Background: Although breast cancer is the second most common cancer among Vietnamese-American women, previous research has shown that they are less likely to have ever had, and to be more often overdue for, clinical breast examinations (CBE) and mammograms than women in the general population.
Methods: Over a 2.5-year period, the following intervention activities were targeted at both Vietnamese women and physicians in Alameda County, California: neighborhood-based educational activities; dissemination of health education materials; a media campaign; and continuing medical education seminars for physicians. Women in Los Angeles and Orange Counties served as controls. Preintervention telephone interviews were conducted with 384 randomly selected Vietnamese women in the intervention community and 404 women in the control community in 1996, and post-test intervention interviews were conducted with 405 and 402 women, respectively, in 1998.

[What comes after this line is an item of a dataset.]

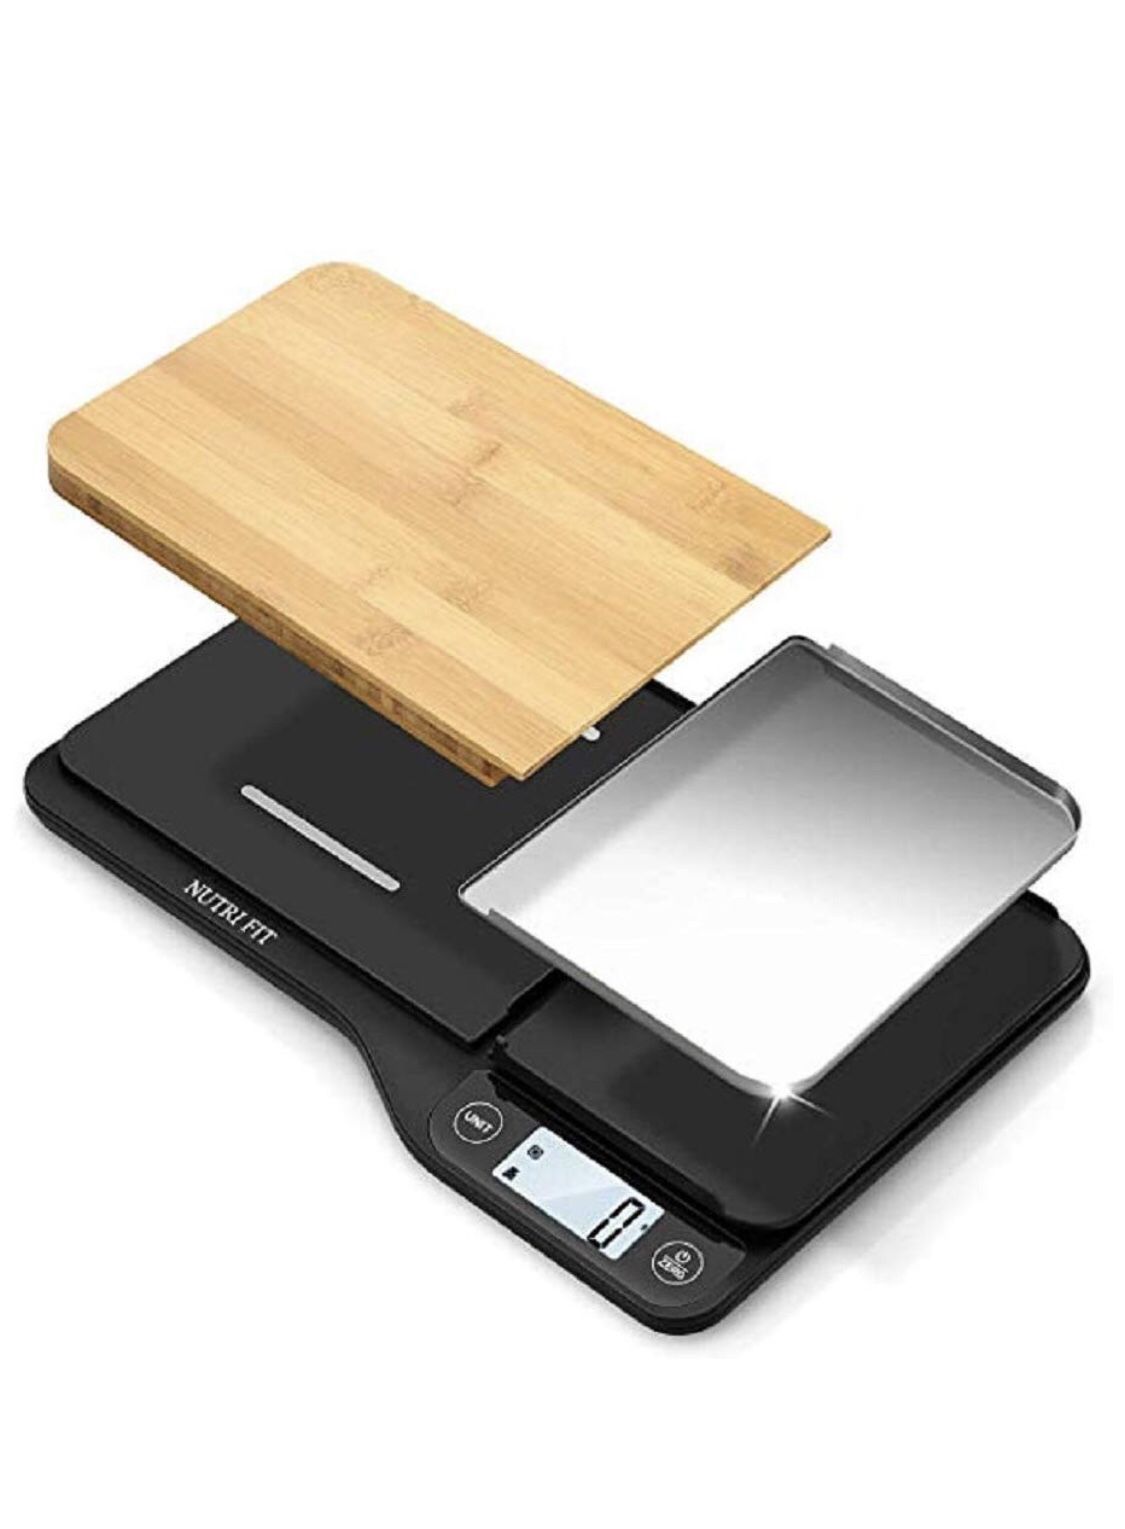 Super-Chef Food Scale with Removable Cutting Board & Tray - 3 in 1 Digital Kitchen Scale, LCD Display, 11lb 5kg, Easy for Cooking & Clean

Results: Multiple logistic regression analyses of postintervention surveys showed the intervention community women at posttest were no more likely to recognize, receive, plan, or be up-to-date for CBE or mammograms than women in the control community. However, women who reported greater exposure to the various intervention elements were significantly more likely to have heard of, have had, and to plan CBE and mammograms than women with less exposure.
Conclusions: Although the effect on the women in the intervention group was not significant, the intervention did have a modest positive impact on women who had more exposure to it.